接下来讲下调的基因,这里首要的TF是E2F,回收了82.7%的下调基因。p53介导下会导致E2F家族(E2F1、E2F2、E2F8)基因表达的下调。p53的抑制作用是通过间接作用实现的。
ChIP-Seq on p53 and E2F confirm their predicted regulons
Integrative Genomic Viewer (IGV) [131] screenshot for CDKN1A , a known p53 target gene, showing up-regulation by RNA-seq (red arrowhead) and ChIP peaks in the upstream region (green and blue arrowhead). IGV is free software under GNU Lesser General Public License, version 2.1 (LGPL-2.1).
二代测序结果显示CDKN1A 外显子表达显著增高,在其上游的启动子区用ChiP方法发现信号增强。
To assess whether this ranking yields true p53 targets on top, we curated 223 bona fide p53 targets from the literature and public databases ( Table S5 ), and indeed found these targets to be significantly enriched in the top of this ranking ( Fig. 4B , p-value = 1.40E-24). Within the same ranking, the 307 predicted p53 targets by iRegulon are nearly as significantly enriched in the top as the curated targets (p-value = 2.60E-24), while the 494 remaining up-regulated genes are not significantly correlated with the ChIP peak data (p-value = 0.096). Importantly, this result shows that iRegulon is not only able to identify the master regulator, but is also able to correctly distinguish between direct and indirect targets from a set of co-expressed genes. Only two up-regulated genes with a high ChIP peak, namely PLK3 and DDB2 , were missed by iRegulon. About 100 up-regulated genes have a small ChIP peak but have not been predicted by iRegulon as target genes. These peaks are likely false positive ChIP peaks because they do not show p53 motif enrichment when analyzed separately ( Fig. S6A–C ).

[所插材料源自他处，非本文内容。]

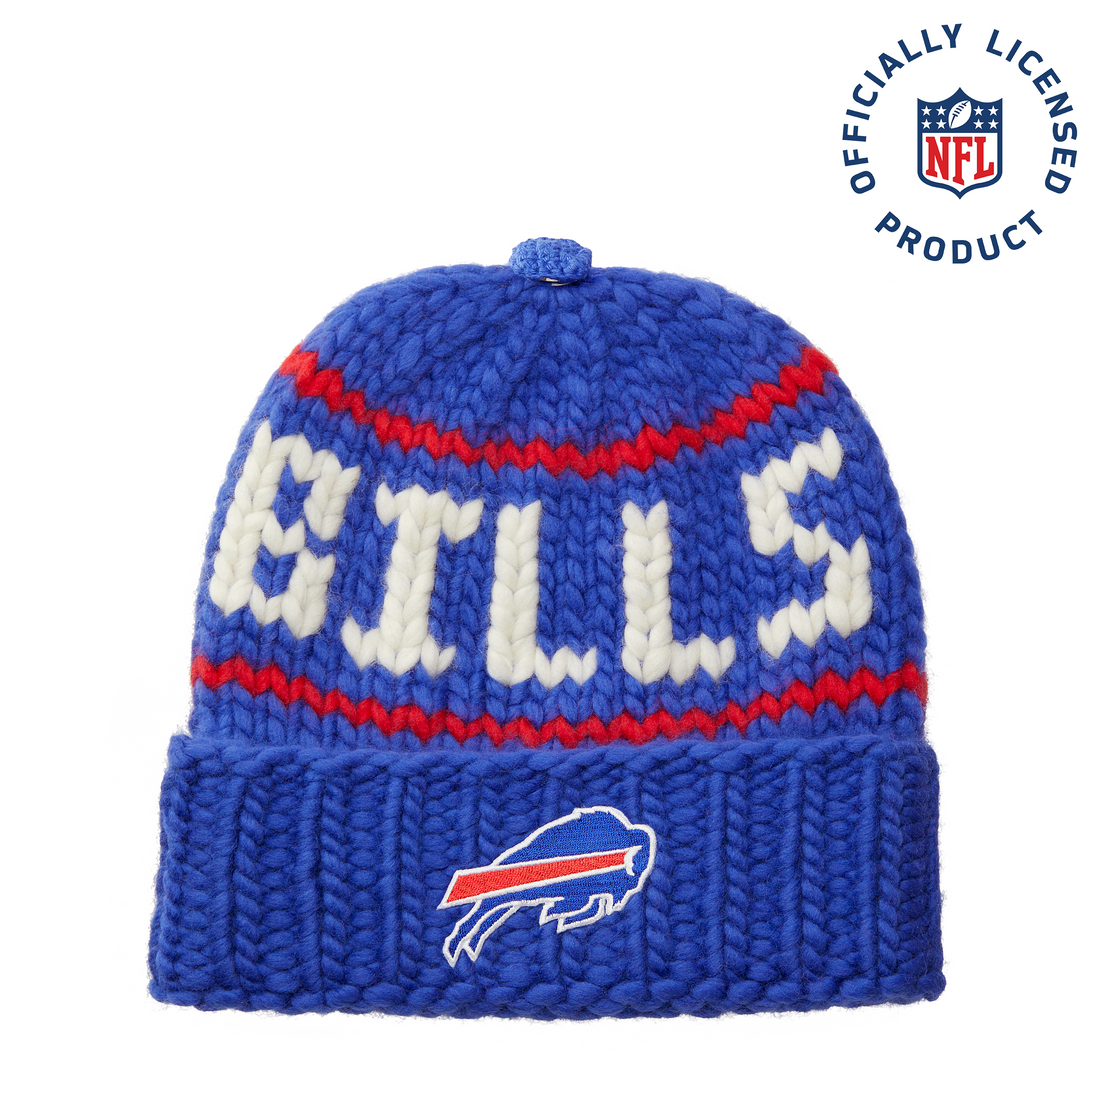 The Bills NFL Beanie with Snap Cover

从文献中收集223个确定的p53基因(下图),结果发现这些基因在这个排序(根据ChIP峰值进行排序)中富集。
富集结果在下图所示:
Gene Set Enrichment analysis, with on the x-axis all genes in the genome ranked according to their maximum ChIP-Seq peak (20 kb around TSS). The p53 targets (green curve) show higher enrichment than the total set of up-regulated genes (blue curve), approaching the previously known curated targets (red curve), while the non-predicted p53 targets (magenta curve) and the set of down-regulated genes (cyan curve) show no enrichment. The initial two steps in the magenta curve represent two false negative predictions of iRegulon (they fall just below the optimal cutoff), namely PLK3 and DDB2 , which are up-regulated and have a ChIP peak. P-values in the legend are calculated by the hypergeometric formula of the leading edge determined by GSEA.

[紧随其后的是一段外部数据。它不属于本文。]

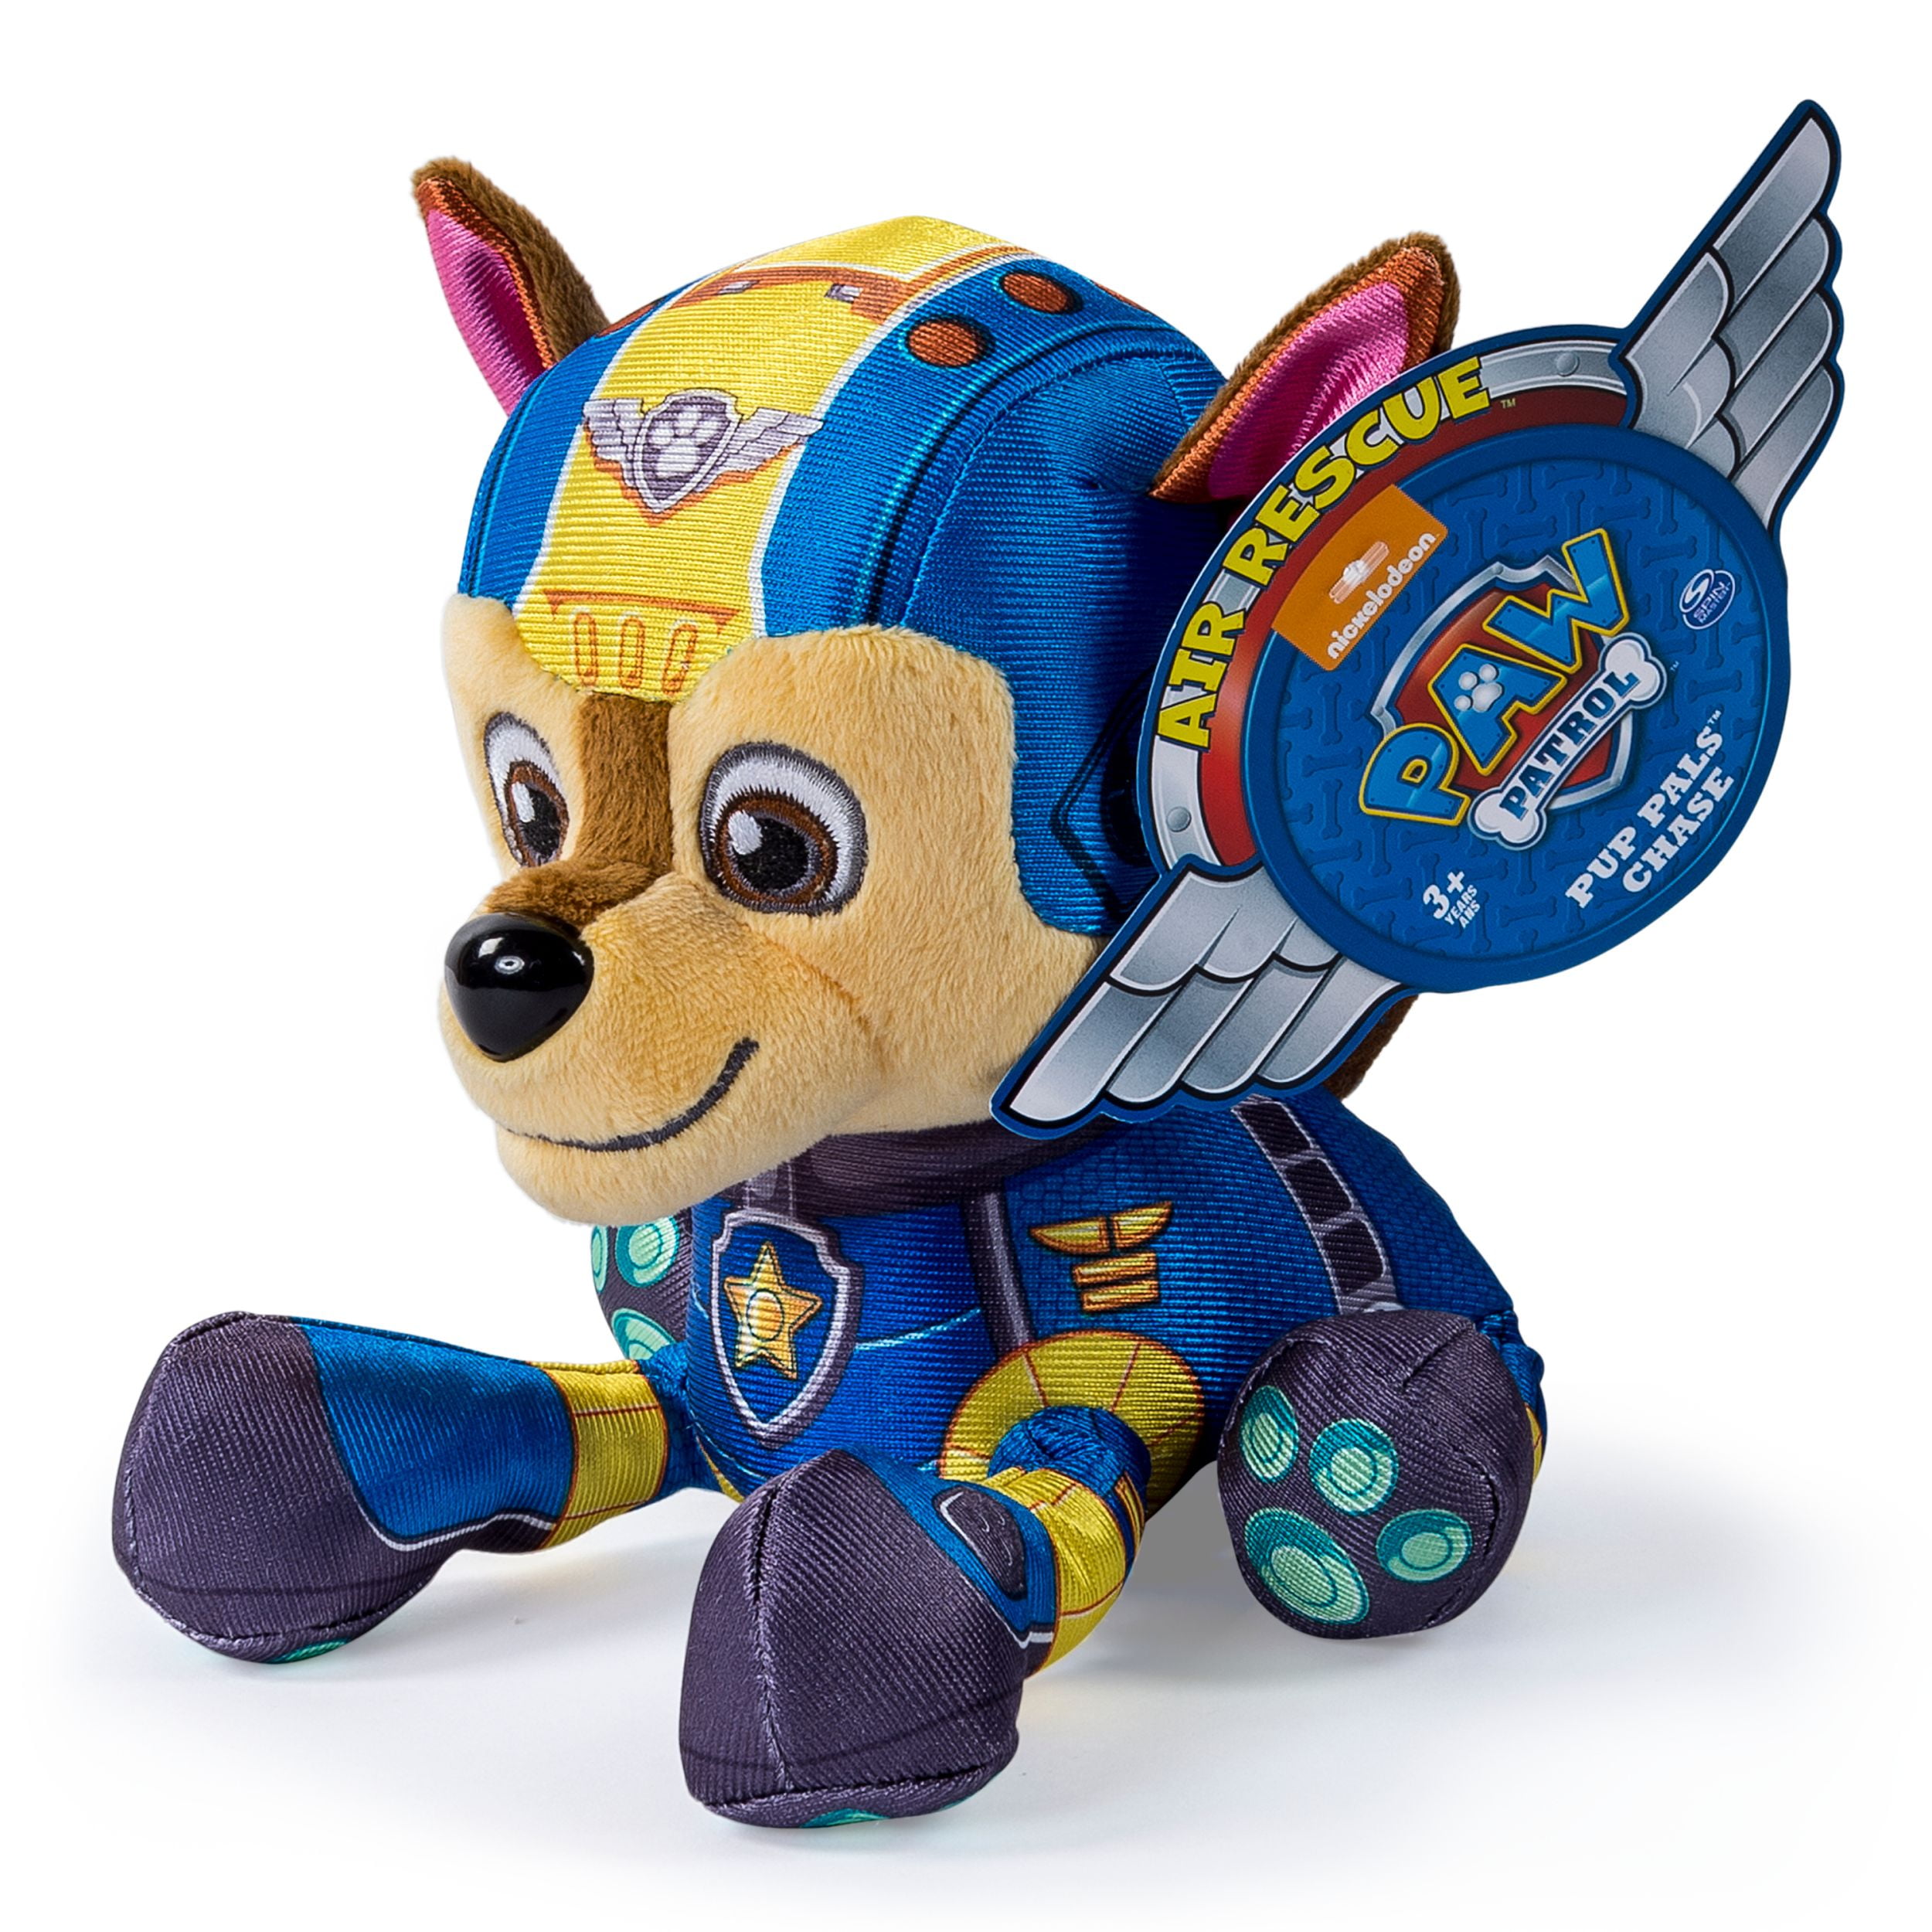 paw patrol air rescue chase

GSEA分析。背景基因是ChIP-Seq获得的序列所对应的基因,让后将这些基因根据ChIP-Seq峰值进行排序,构成x轴。ChIP-Seq峰值越大说明与p53结合越紧密,也就是p53的作用位点。有排序后就可以对一个GeneSet根据Running Sum进行富集分析。毫无疑问,已知的明确的p53作用基因肯定是最容易富集的,富集分数最高的;而iRegulon预测的p53的直接目标基因也富集不错,至少比其它对照要好,说明这个开发出来的软件还是有点用的。
Finally, to compare how many targets are missed by iRegulon, and how many by ChIP-Seq, we again used the set of curated targets, and found comparable numbers of false negatives, namely six for iRegulon and five for ChIP-Seq ( Fig. 4C ).
反正就是用确认的基因作为p53目标基因的金标准,发现 iRegulon和ChIP-Seq假阴性结果大致相当。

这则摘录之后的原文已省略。